В молодости Сурконт учился в городе, читал книги Огюста Конта и Джона Стюарта Милля, о которых на берегах Иссы, кроме него, мало кто слышал. Из его рассказов о тех временах Томаш запомнил в основном описание балов, на которые мужчины надевали фраки. У деда и его приятеля фрак был на двоих, и пока один из них танцевал, другой ждал дома, а через несколько часов они менялись.
Из двух дочерей Хелена вышла замуж за местного арендатора, а Текла — за горожанина; она и была матерью Томаша. Случалось, что она приезжала в Гинье на несколько месяцев, но редко, ибо сопровождала мужа, которого носили по белу свету поиски заработка, а потом война. Для Томаша она была слишком красива, чтобы с этим можно было что — либо сделать, и, глядя на нее, он сглатывал слюнки от любви. Отца он почти не знал. Женщины вокруг него — это Поля, когда он был совсем маленьким, а затем Антонина. Полю он ощущал как белизну кожи, лен, мягкость и в дальнейшем перенес свою симпатию на страну, название которой звучало похоже: Польша. Антонина выпячивала живот в полосатом переднике. На поясе она носила связку ключей. Смех ее напоминал ржание, а в сердце она прятала дружелюбие к каждому. Говорила она на мешанине двух языков, то есть литовский был ее родным языком, а польский — приобретенным. Ее польский звучал, как об этом свидетельствует, например, такой зов доброты: «Томаш, пади сюда, я тябе дам кампитюр».
Томаш очень любил деда. От него приятно пахло, а седая щетина над верхней губой щекотала щеку. В маленькой комнате, где он жил, над кроватью висела гравюра, изображавшая людей, которых привязывали к столбам, а другие полуголые люди подносили к этим столбам факелы. Одним из первых упражнений Томаша в чтении были попытки сложить по слогам подпись: «Факелы Нерона». Так звали жестокого царя, но Томаш дал это имя одному из щенков, потому что взрослые, заглядывая ему в пасть, говорили, что у него черное нёбо и значит, он будет злой. Нерон вырос и не выказывал признаков злобы, зато отличался ловкостью.
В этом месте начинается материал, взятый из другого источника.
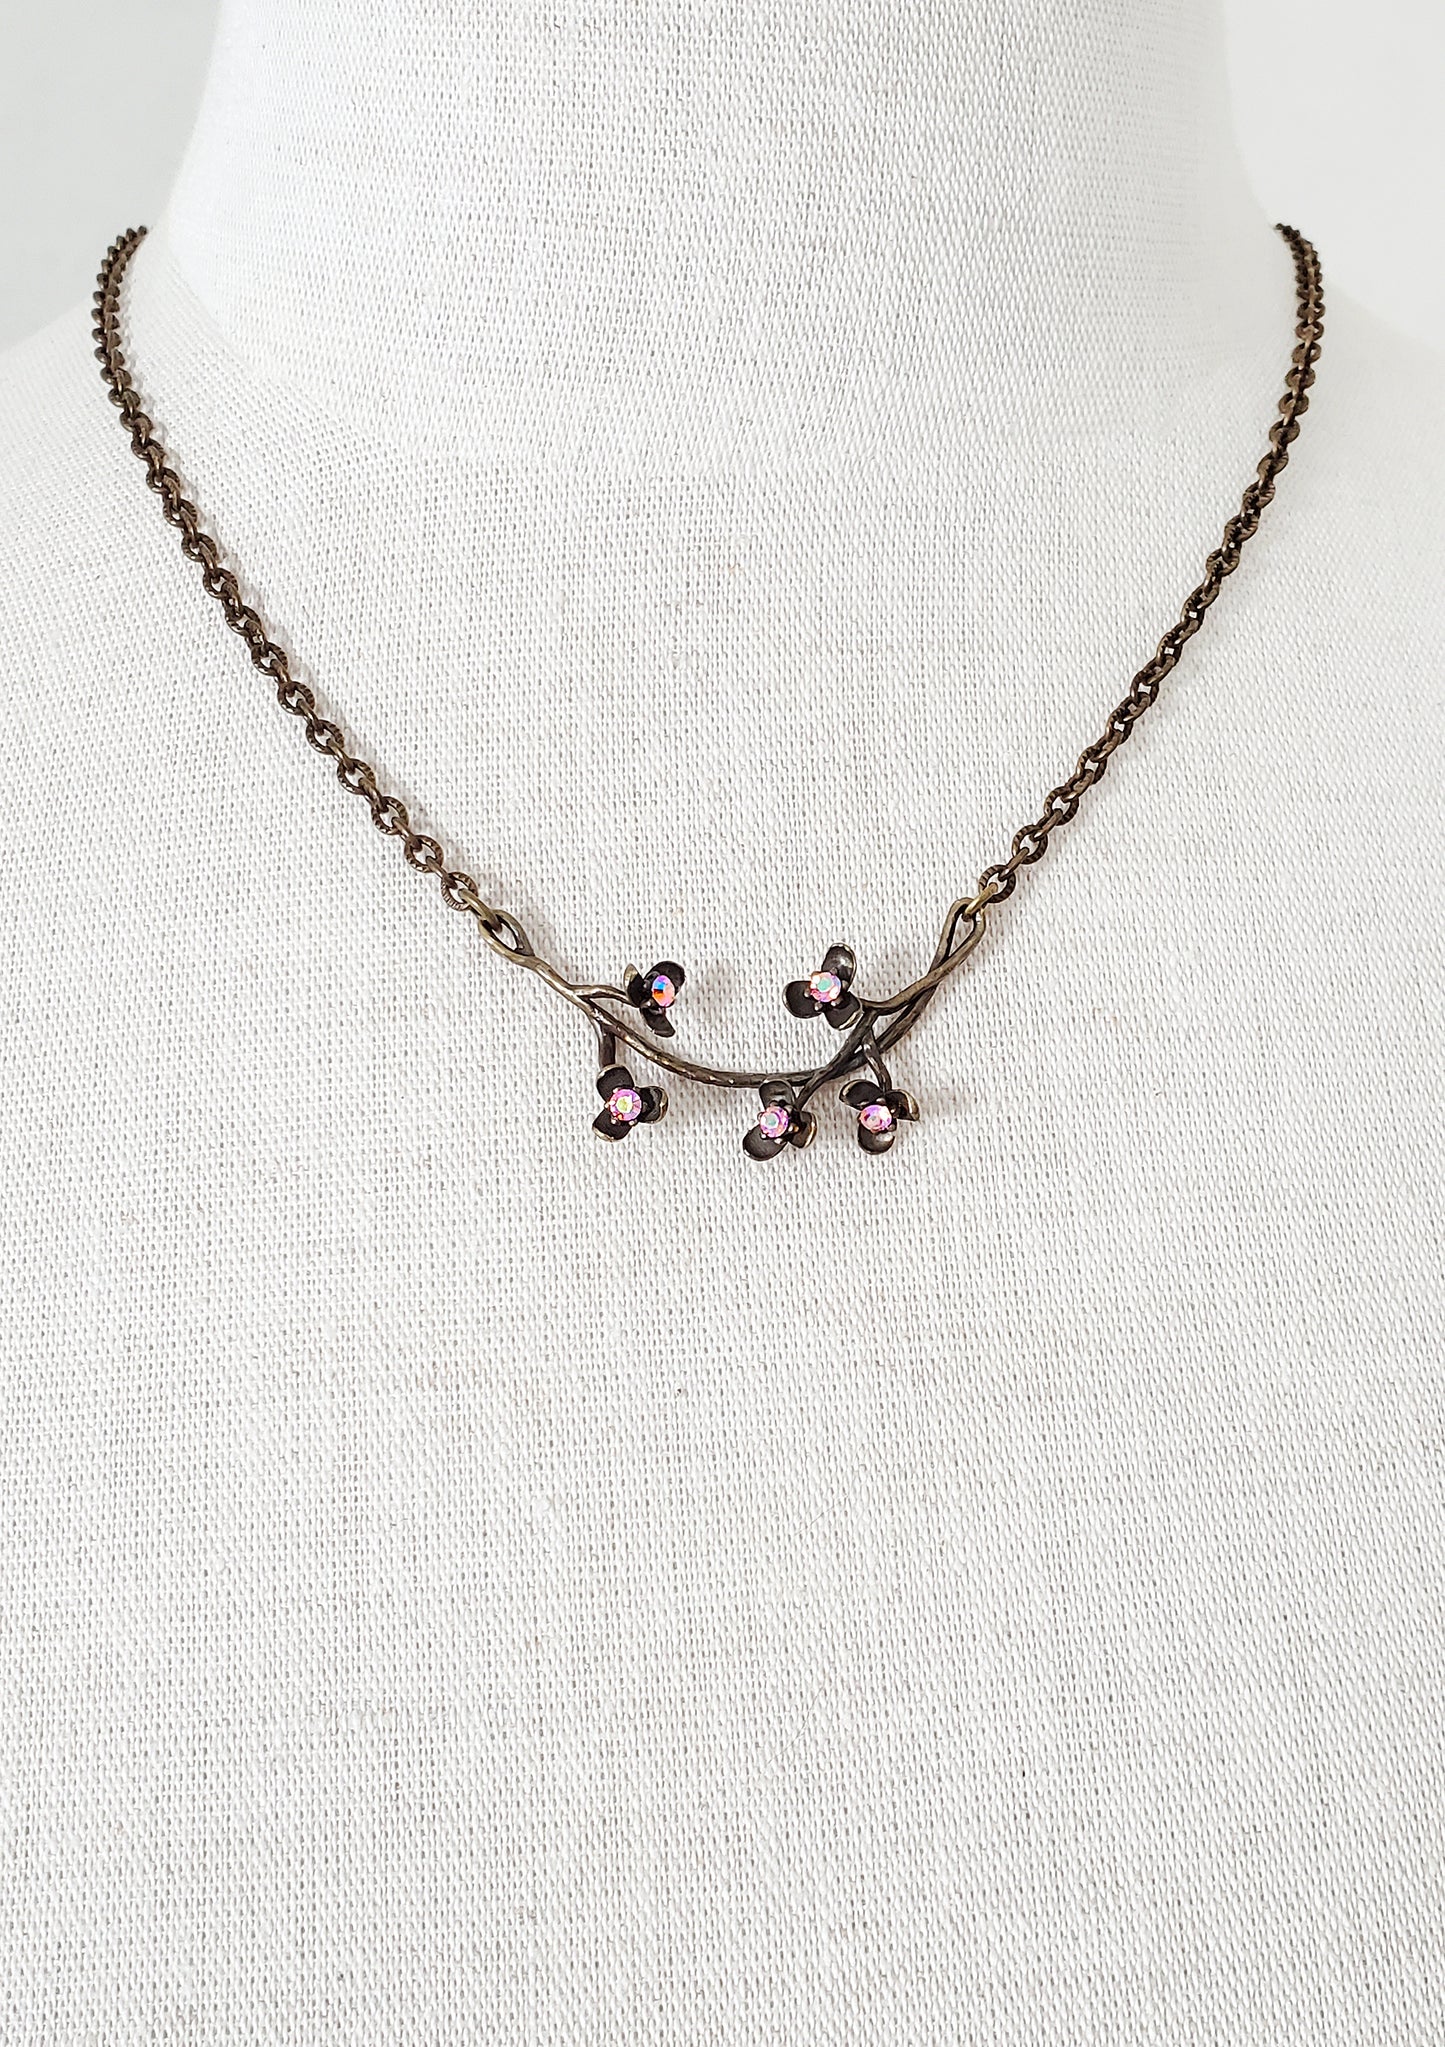 Dark Vine Flower Pendant Necklace

Он съедал сливы, упавшие с дерева, а когда не находил их, умел упираться лапами в ствол и трясти. На столе у деда лежало множество книг; на картинках в них можно было рассматривать корни, листья и цветы. Иногда дед вел Томаша в «гостиную» и открывал рояль с крышкой цвета каштана. Пальцы, как бы опухшие, сужающиеся на концах, бегали по клавишам; это движение удивляло, и удивляли сыпавшиеся капли звука.
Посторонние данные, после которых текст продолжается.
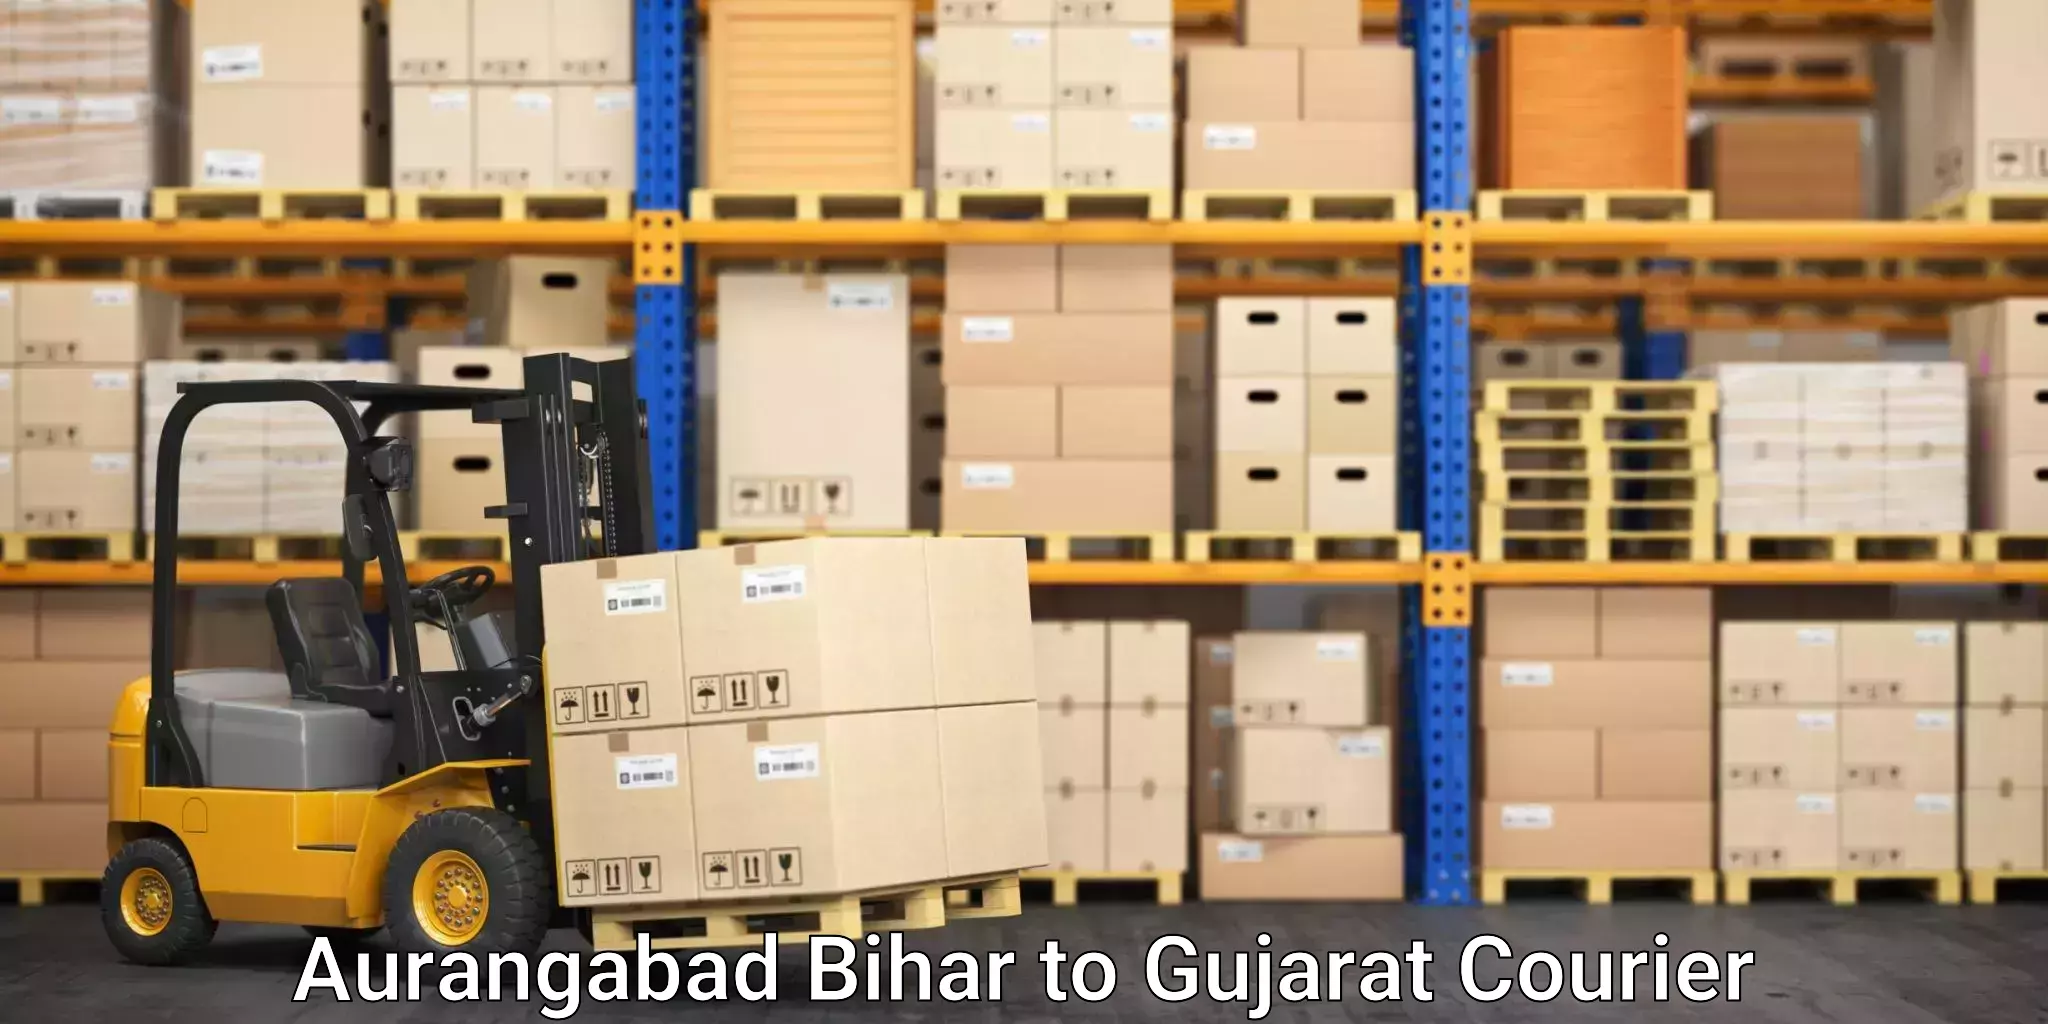 Efficient relocation services Aurangabad Bihar to Jamnagar

Часто можно было видеть, как дед советуется с управляющим. Это был пан Шатыбелко, носивший бородку на две стороны, которую он разглаживал и раздвигал во время разговора. Он был маленького роста, ходил на согнутых ногах, а сапоги, чьи голенища были слишком широкими, с него сваливались. Шатыбелко курил непомерно большую трубку: ее чубук загибался вниз, чаша закрывалась металлической крышкой с дырочками. Его комната в конце здания, где размещались конюшня, каретная и людская, зеленела от кустиков герани в горшках и даже в жестяных кружках. Все стены были увешаны святыми образами, которые его жена Паулина украшала бумажными цветами. За Шатыбелко всюду семенил песик Мопсик. Когда хозяин засиживался в дедушкиной комнате, Мопсик ждал его во дворе и беспокоился, так как среди больших собак и людей нуждался в ежесекундной опеке.
Гости — за исключением таких, как Хаим или крестьяне по разным делам, — появлялись не чаще раза-двух в год. Сам хозяин их не ждал, но и не был им не рад. Однако почти каждое их появление портило настроение бабке Сурконтовой.